Verde, casi oscuro (I)

Quizá fue porque llovía, pero no hubo jamás en tierras cubanas una tristeza tan griega como esa que padecí aquella tarde a mediados de julio derritiéndose sobre el año 2010…

Estaba echado en el piso, en la esquina más sucia del cuartel, al lado de los otros perros, costado contra costado; nos olíamos el aliento y ese tufo a sudor del otro que luego reconoceríamos a metros de distancia. Tenía la cabeza recostada contra la pared y miraba el techo para encubrir la angustia y no caer derribado con la cabeza entre las manos, debajo de los hombros, hundido por la culpa, con miedo de que ella tomara por ciertas esas palabras como cuchilladas que le clavé en el pecho después de clavarle el amor, cuando estábamos todavía desnudos y le dije que se fuera con otro, que igual yo no regresaba en un mes o en dos, y que se fuera, le repetí, y le cerré la puerta y me tiré en la esquina más sucia de mi cuarto, y por tratarse de una tristeza tan griega, diré que esa noche, dos años a través del amor de S, unas horas antes de comenzar mi Servicio Militar, también llovía.

Y cómo saber ahora si fue, igual por la lluvia, que Alejandro, matemático compulsivo y maravilloso chico gay en segundo plano, aquella tarde primera en esa misma esquina lloraba atragantándose a ratos con débiles sollozos algebraicos.

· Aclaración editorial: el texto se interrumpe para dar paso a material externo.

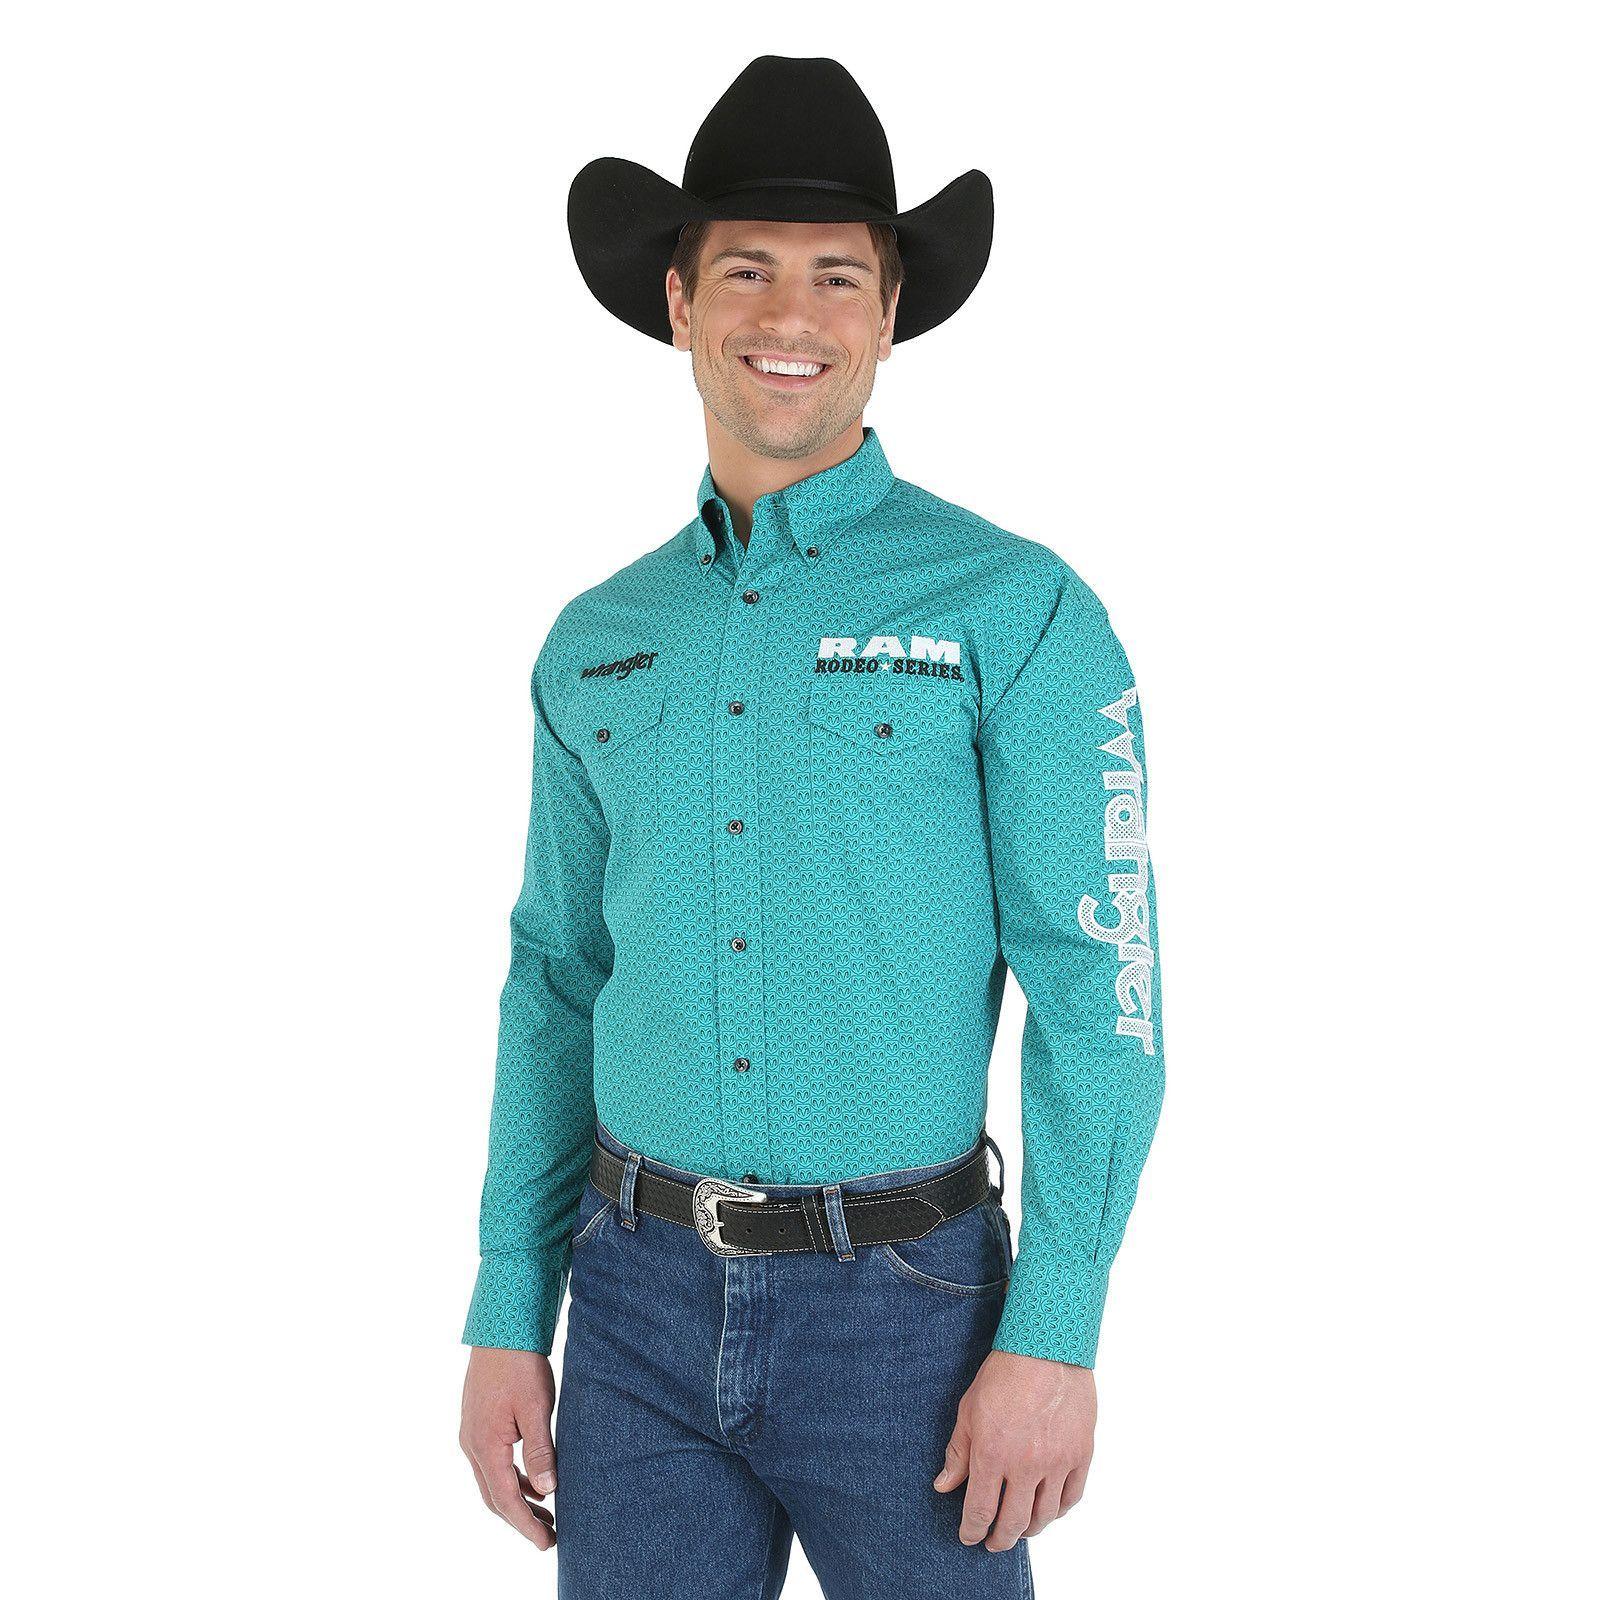 Wrangler Men's Wrangler and Ram Rodeo Series Logo Long Sleeve Button Down  Shirt Green

Lagrimeaba como un niño que ha pedido un deseo y nada; con la nada de los números imaginarios. Aunque tampoco, porque si lo recuerdo bien, ahora, nueve años luego, en aquella esquina sucia del cuartel, Alejandro parecía la inflorescencia de una azucena.

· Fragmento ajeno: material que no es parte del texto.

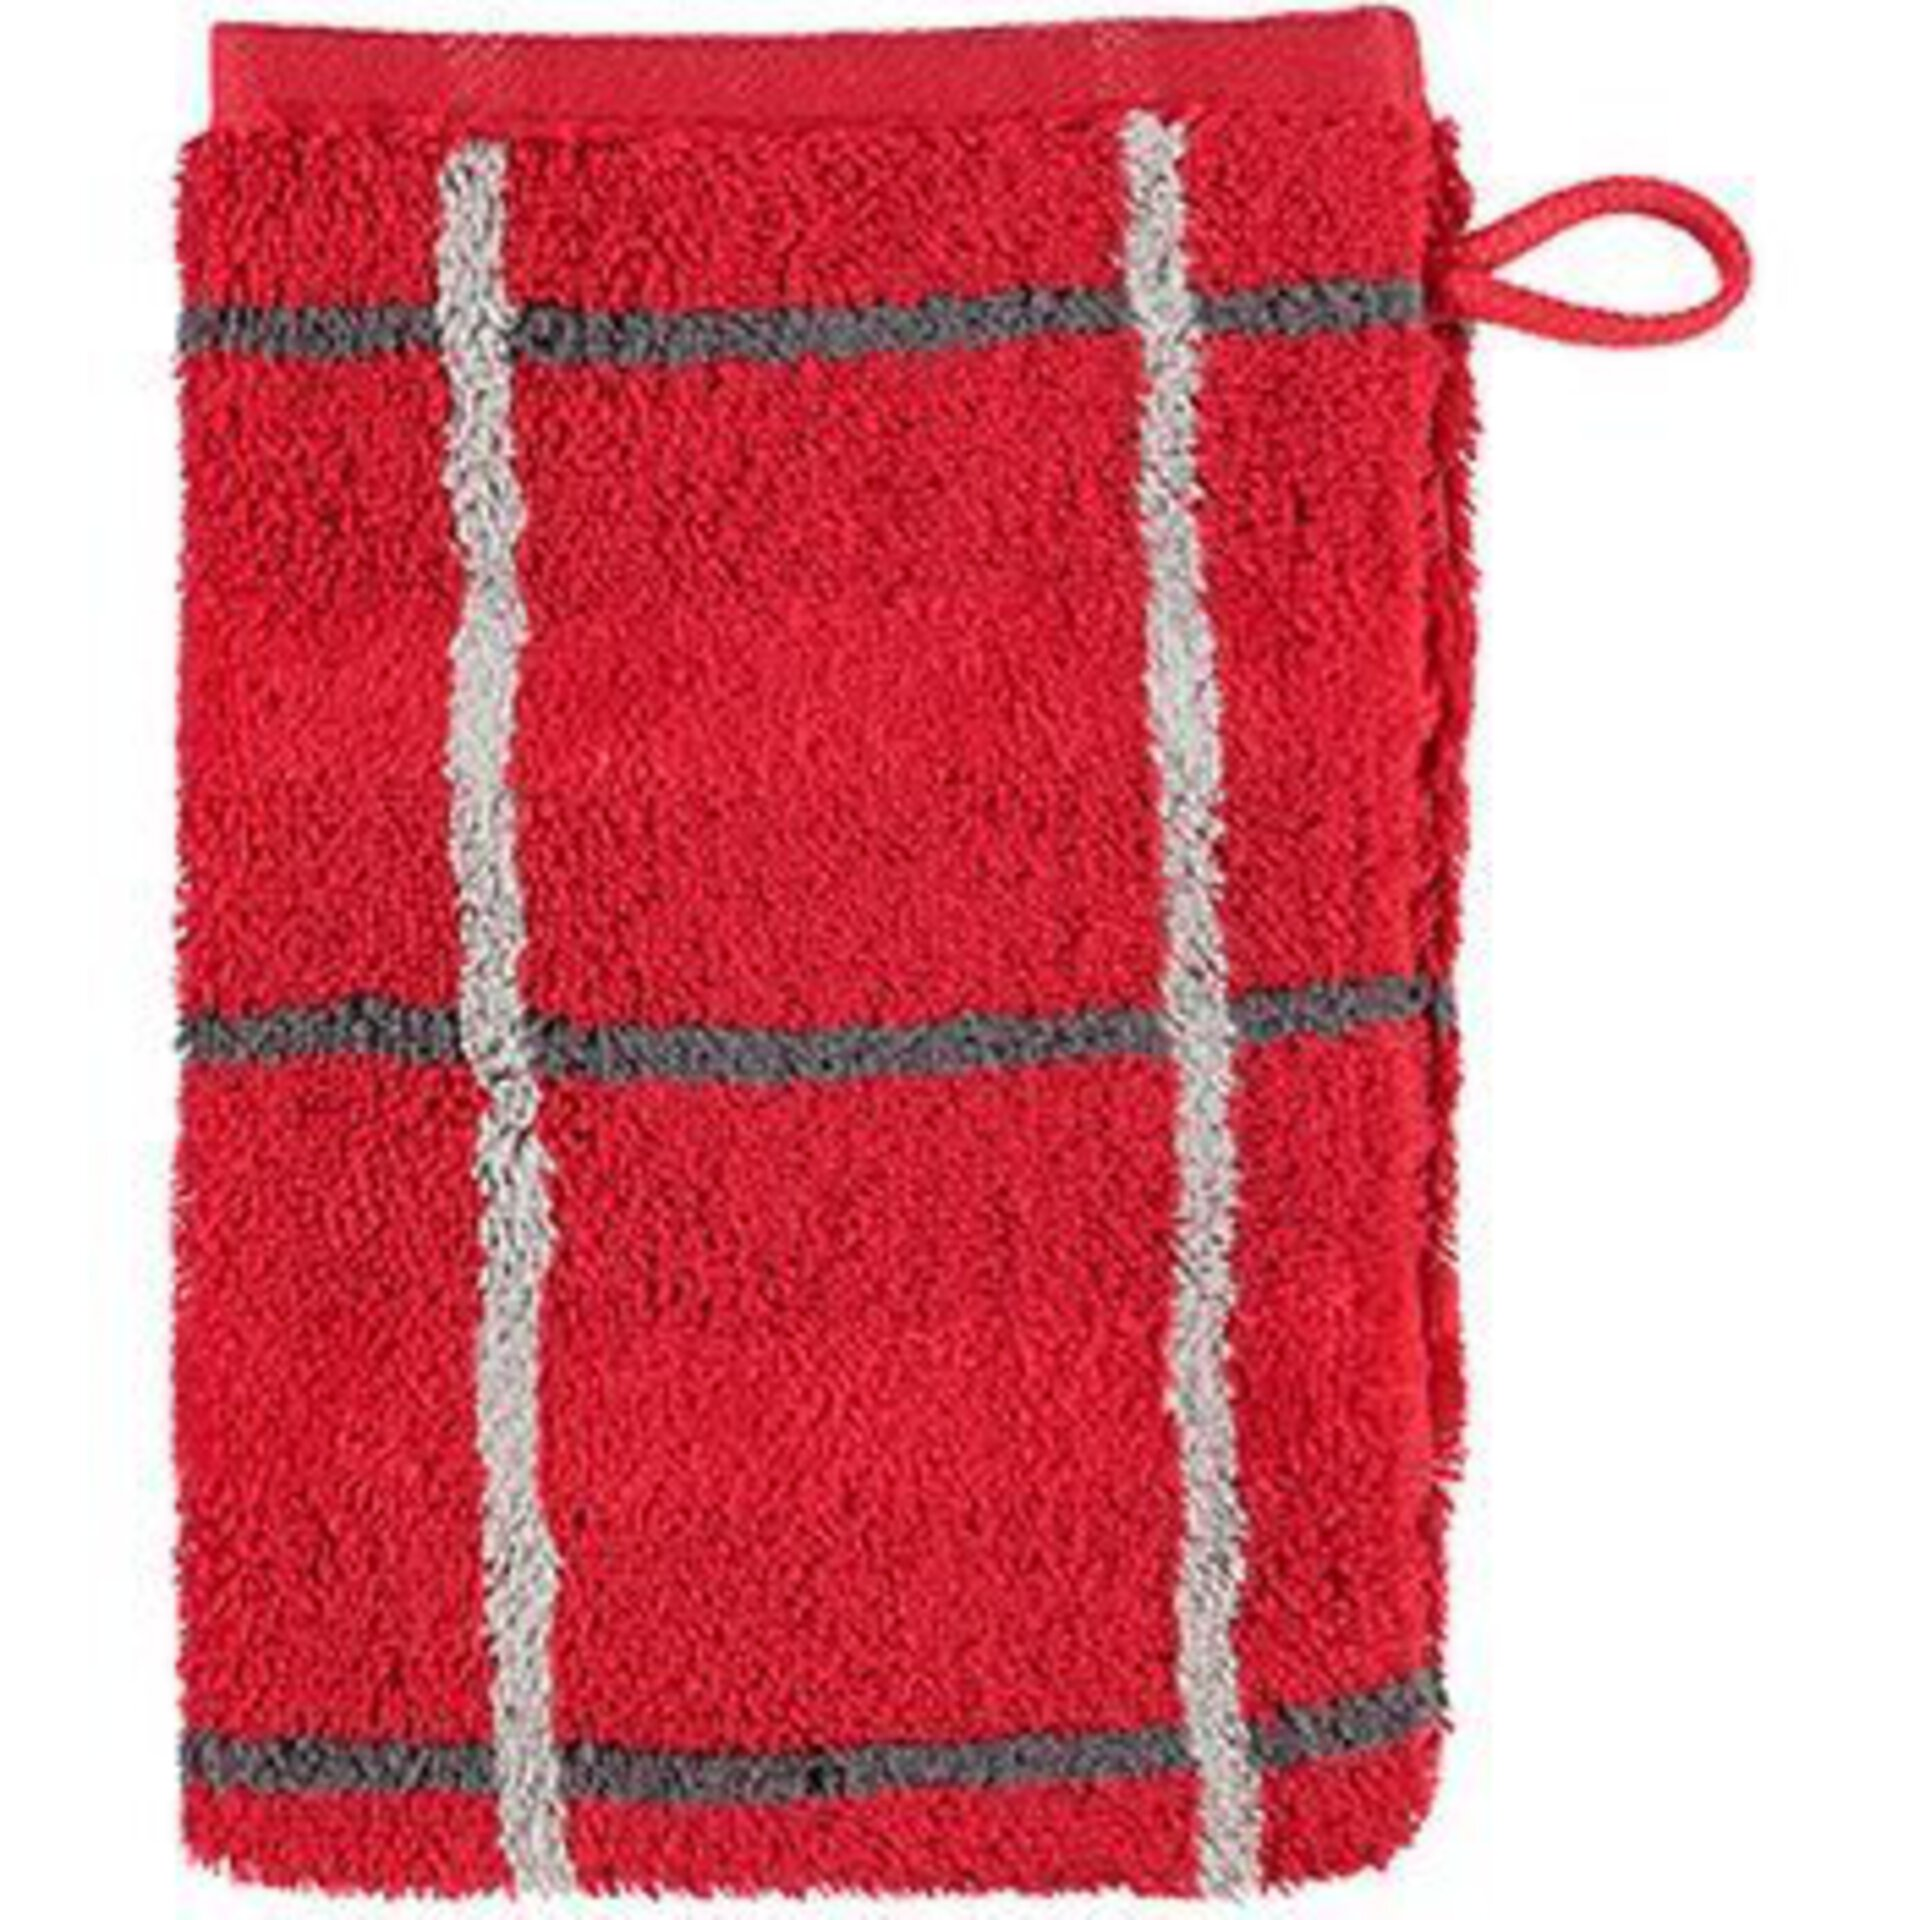 Waschhandschuh Noblesse Square Cawö Textil 16 x 22 cm

Por eso los otros reclutas de llamados anteriores nos miraban como con deseos de destruir algo hermoso, tentados por la debilidad de Alejandro y por mi ataraxia, concentrado como estaba en trazar en mi mente la ruta exacta desde esa esquina sucia en un cuartel de hombres hasta ella: cinco kilómetros sobre su espalda, bajar por el puente de sus costillas, doblar derecha en sus caderas, una vuelta a la redonda de sus nalgas…

Entonces supe que todo podía empeorar si seguía en esa pose, como la de Alejandro. Así que me rasqué las pelotas, expectoré, escupí duro sobre el suelo y me quité el pullover para aparentar comodidad. Y pasó que el pobre matemático se quedó solo, con un par de teoremas en las manos. Pero las bestias no entendían nada de eso… No hablaré de cuántas guardias ajenas cubrió Alejandro ni de los metros de hierba chapeadas con machetes sin filo; de los desmayos. Una tarde, después de un mes sin salir de pase (cuando le tocaba alguien más salía por él) y media semana sin comer, le vieron hablando con Pitágoras y en días sucesivos escribió fórmulas que goteaban en las paredes de las postas. Lo ingresaron un tiempo, un episodio leve, dijeron, y para bien del cálculo infinitesimal lo dejaron de ayudante en la enfermería de la Unidad. De paso, se evitaron cargar con un muerto.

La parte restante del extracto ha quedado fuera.